# Grizzly Showroom in PA



## NH_Hermit (Dec 3, 2009)

While on vacation, I got a chance to visit the Grizzly showroom in Muncy, PA. It was good to see all of the models of tools sitting side by side for comparison.

I'm wondering why they put the showroom in Muncy, however. It's a bit off the beaten path.

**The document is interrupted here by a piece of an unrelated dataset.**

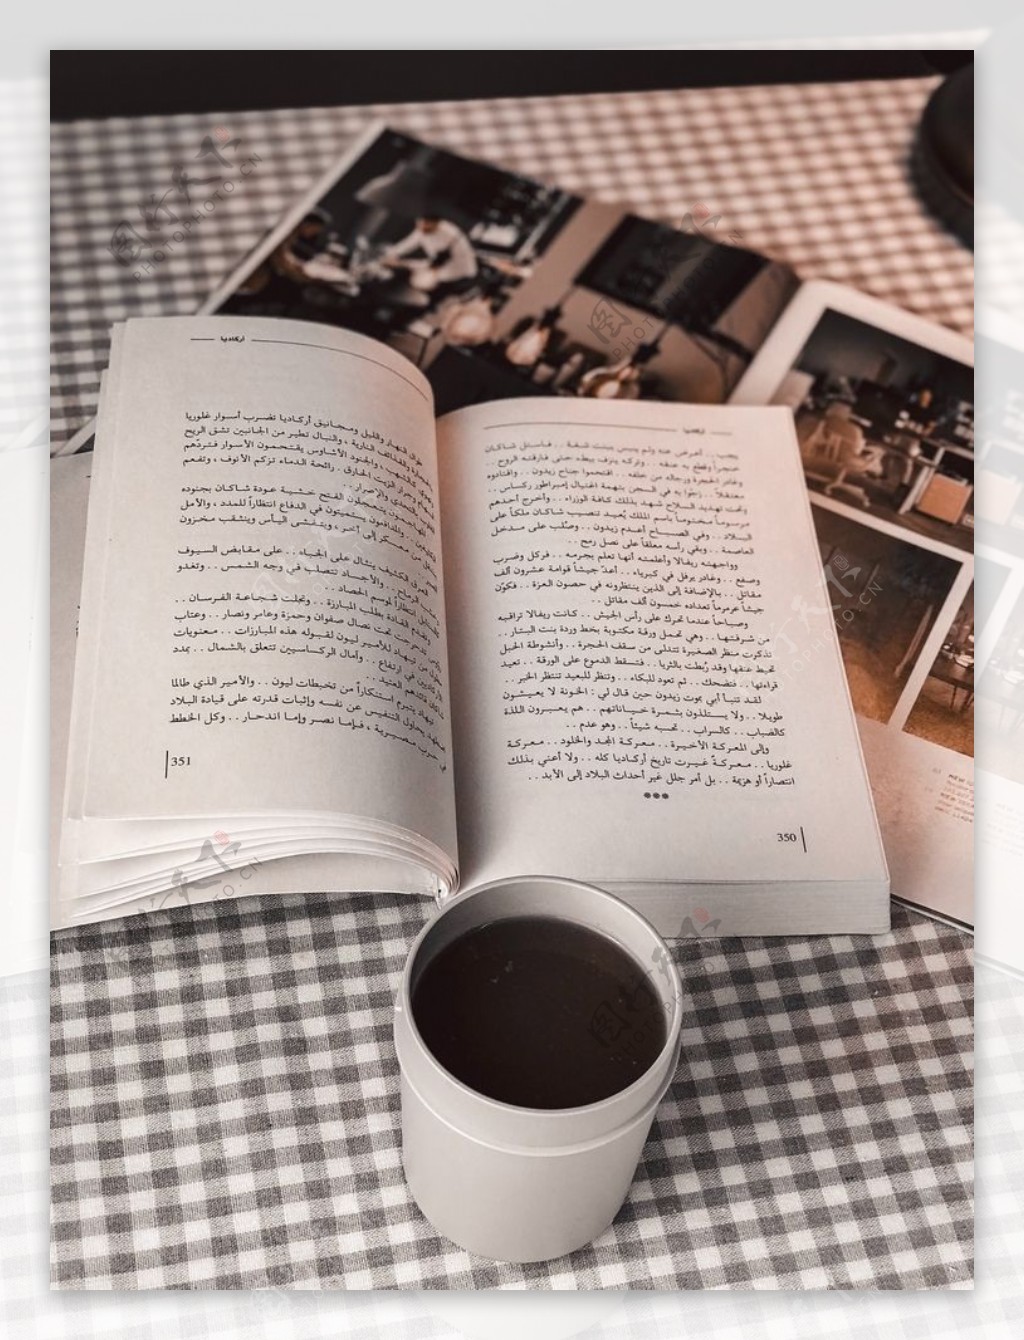 咖啡与书本

*Warning!* This is something a man needs to do without his wife, unless he's prepared to be teased a lot. I can't wait for her next visit to Michael's.


----------



## Paul2274 (Nov 17, 2009)

I went to the one in Springfield, MO when we lived near there for one of their tent sales. I did go by myself and I got a hotel room! Let me tell you what you had better go there with a strict budget in mind…. I could have sold my house for a mess of power tools. I had a great time and did learn a lot more then just looking at a small picture in the catalog. All in all a great weekend…. and I picked up a few tools and I guess that made it a great weekend!

Paul


----------



## davidpettinger (Aug 21, 2009)

Good for you John. I am only allowed to view the catalog with a chaperon. As far as visiting the store, my wife says I require a shock collar and if that fails a cattle prod. *ABSOLUTELY NO WALLET, CREDIT CARD OR CHECKBOOK,* within 250 feet of the entrance. Thankfully, the stores are just far enough away to keep me away.


----------



## NBeener (Sep 16, 2009)

"I'm wondering why they put the showroom in Muncy, however. It's a bit off the beaten path."

I can't be sure this is THE reason, but …

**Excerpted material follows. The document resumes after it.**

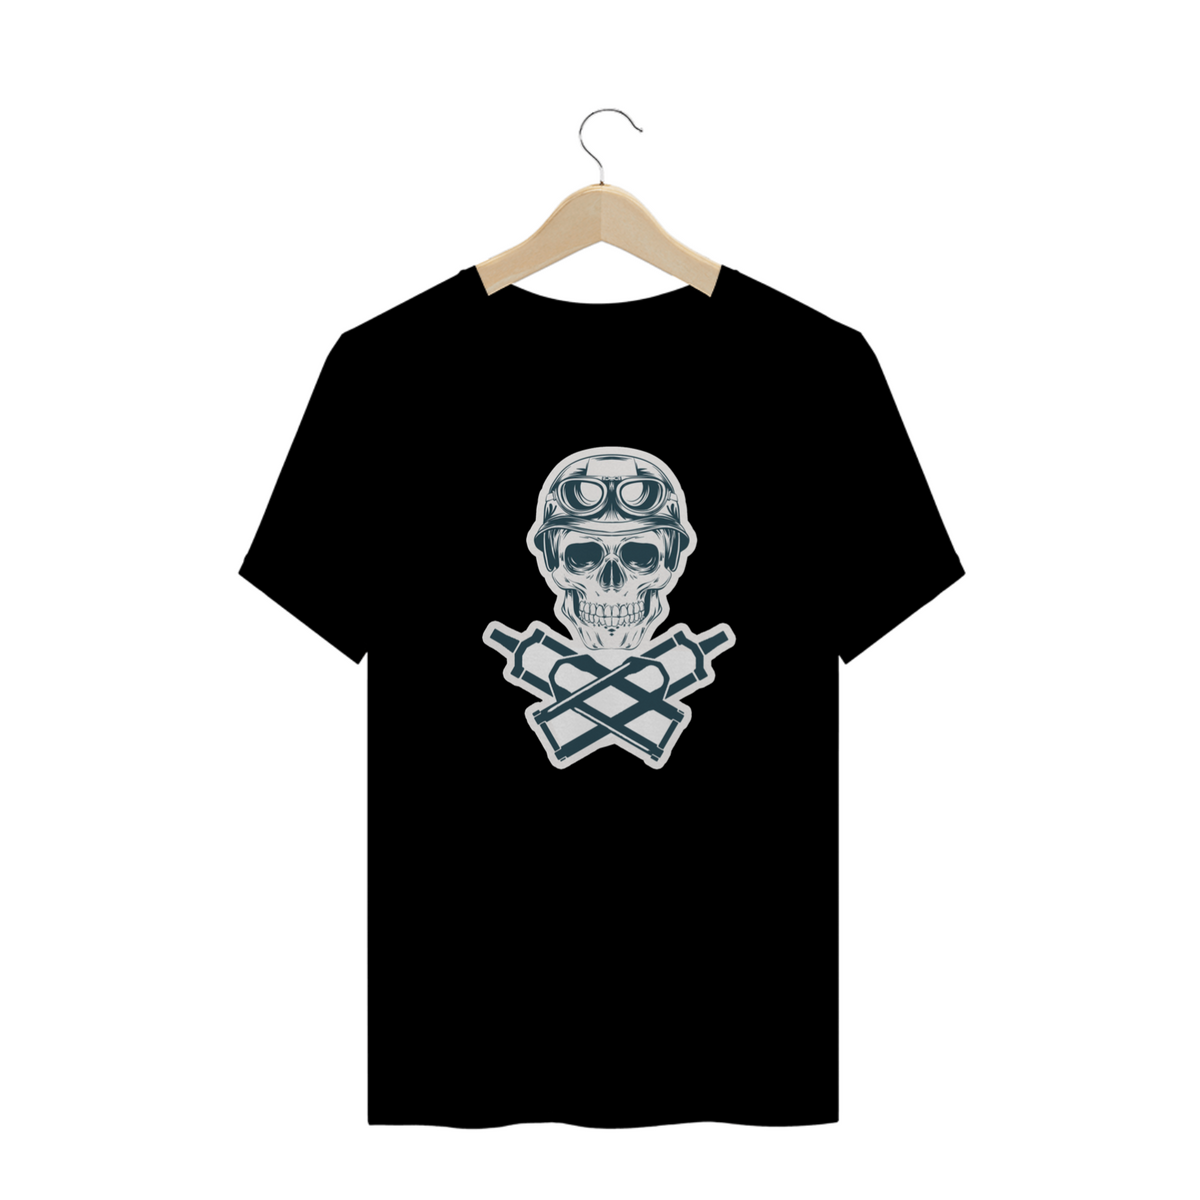 Nome do produto: T-Shirt Skull Biker

"off the beaten path" equals MUCH cheaper real estate….

I'd love to go, one day-to any of their locations !


----------



## NH_Hermit (Dec 3, 2009)

The sales gal there did tell my wife she could go over to the Macy's store, but Veronika told her I could not be trusted to be alone in the store.


----------



## TheDane (May 15, 2008)

You guys think you have it bad … my wife *HIDES* the Grizzly catalogs that come in the mail.

I out-foxed her … I just go online, order a new machine, and have them send a new catalog with it!


----------



## NBeener (Sep 16, 2009)

*TheDane*: LOL

May that kind of fun *never* go out of your marriage.

May the credit card company ALWAYS support this kind of cat-and-mouse game.

May your shop NEVER be too full, or your circuits overloaded.

And may your wife NEVER find an equally expensive hobby … for … paybacks ;-)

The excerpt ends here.